The dextran sodium (DSS) model of colitis was induced in regular and microbiota depleted C57BL/6 mice, which were treated with budesonide or vehicle (control group). Budesonide (1-60 µg/day) exerted substantial colonic antiinflammatory effects but at the same time, it also aggravated body weight loss, increased rectal bleeding, and induced general deterioration of animal status, bacterial translocation (transfer from the colonic lumen to blood) and endotoxemia. Importantly, the protective and harmful effects were both attained at doses corresponding to clinically used doses, after adjustment for body size.
Budesonide also enhanced DSS induced colonic damage in microbiota depleted mice, which do not develop significant inflammation, indicating that GCs interfere with epithelial repair even in the absence of an inflammatory response. Thus our data demonstrate that budesonide, and by extension possibly other GCs, exerts a dual role in the inflamed intestine. The mechanism of the harmful effects appears to involve interference with epithelial proliferation/repair and weakening of local immune defense. The deleterious effects of budesonide were present but greatly diminished in noncolitic mice or in mice with lymphocyte transfer colitis, a different colitis model with less intense epithelial damage, suggesting that they are substantially amplified in the context of ongoing tissue injury (i.e. the situation in which these drugs are regularly used).

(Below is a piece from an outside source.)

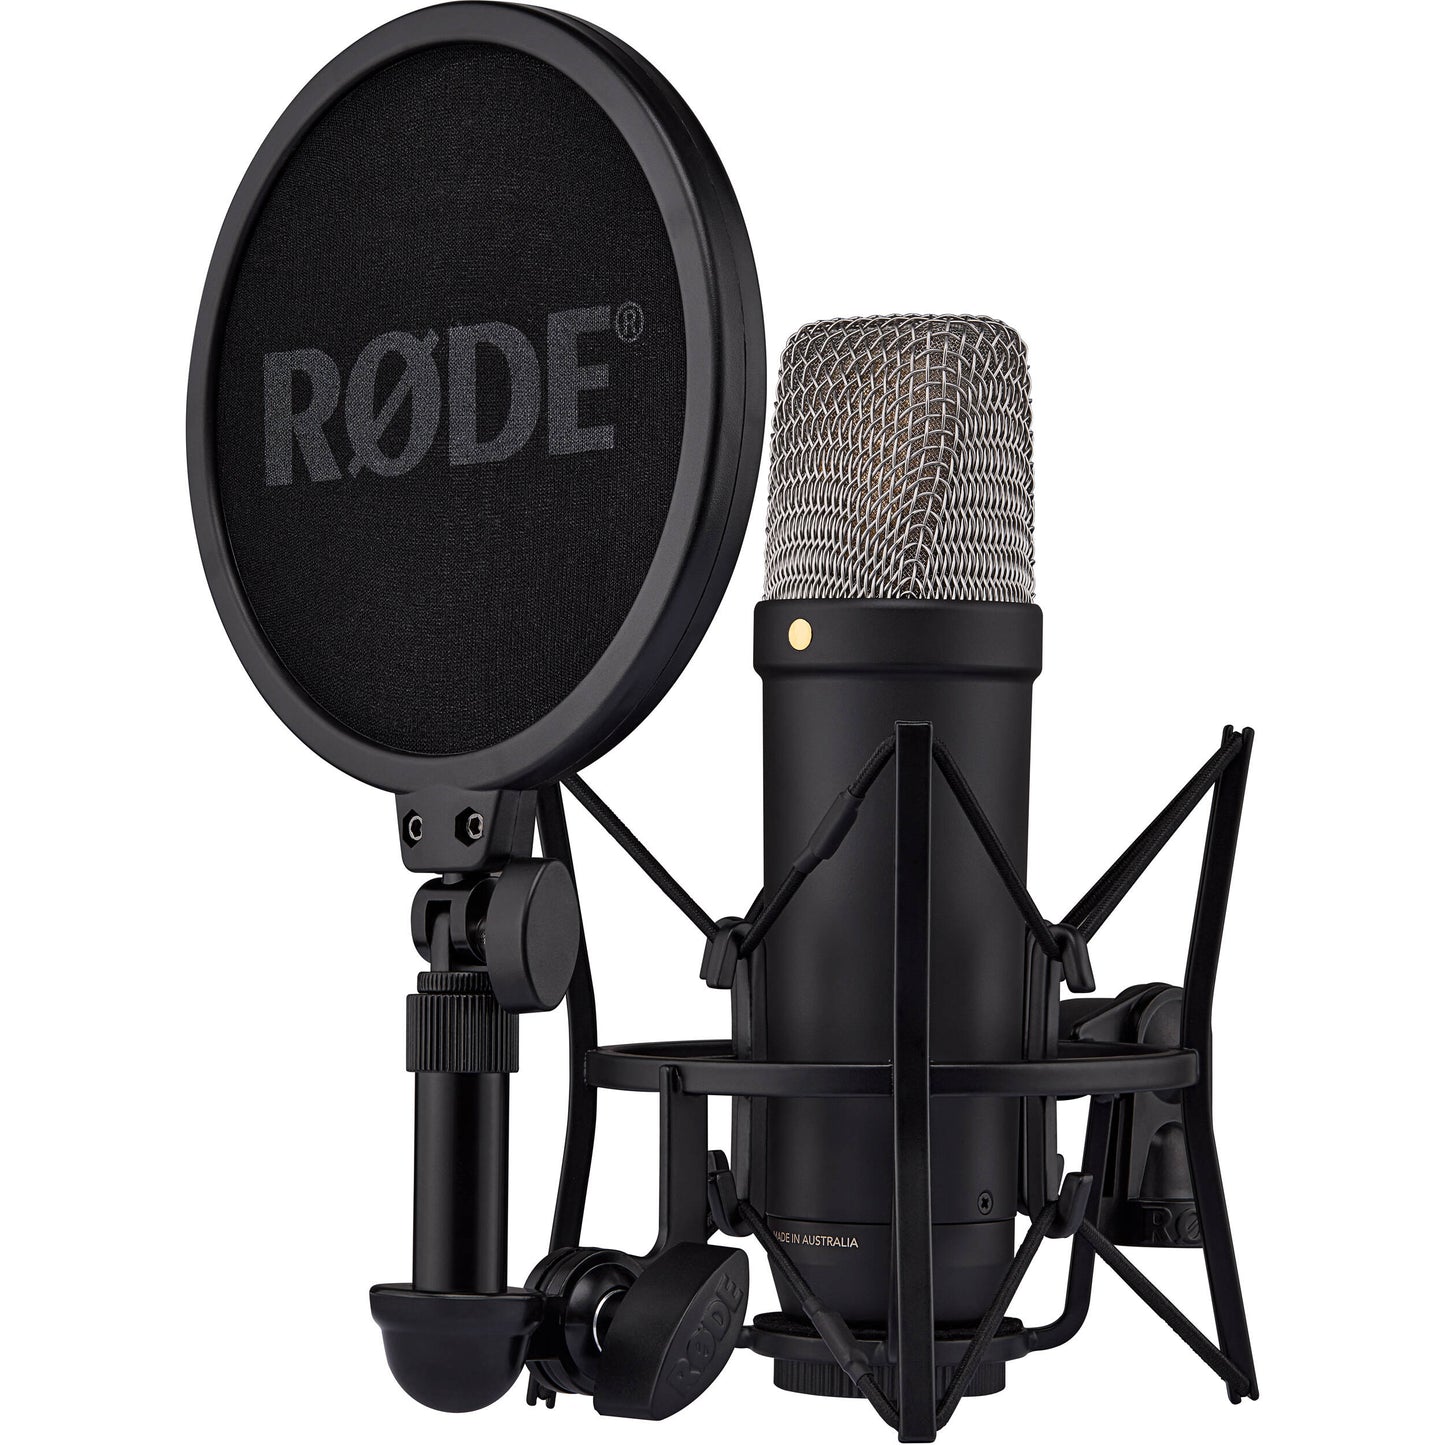 RODE NT1 5TH Generation Large-Diaphragm Cardioid Condenser Microphone

Our study suggests that GCs may similarly enhance the deterioration of barrier function in inflammatory bowel disease patients, producing sepsis, increased blood loss and/or loss of disease control, offsetting their primary antiinflammatory effect. It is interesting to note that rectal blood loss has been related to therapeutic failure of GCs in this context. Because patients with uncontrolled inflammatory bouts are treated surgically frank sepsis is prevented even if GCs do impair endotoxemic defense. Further research is needed to clarify these issues.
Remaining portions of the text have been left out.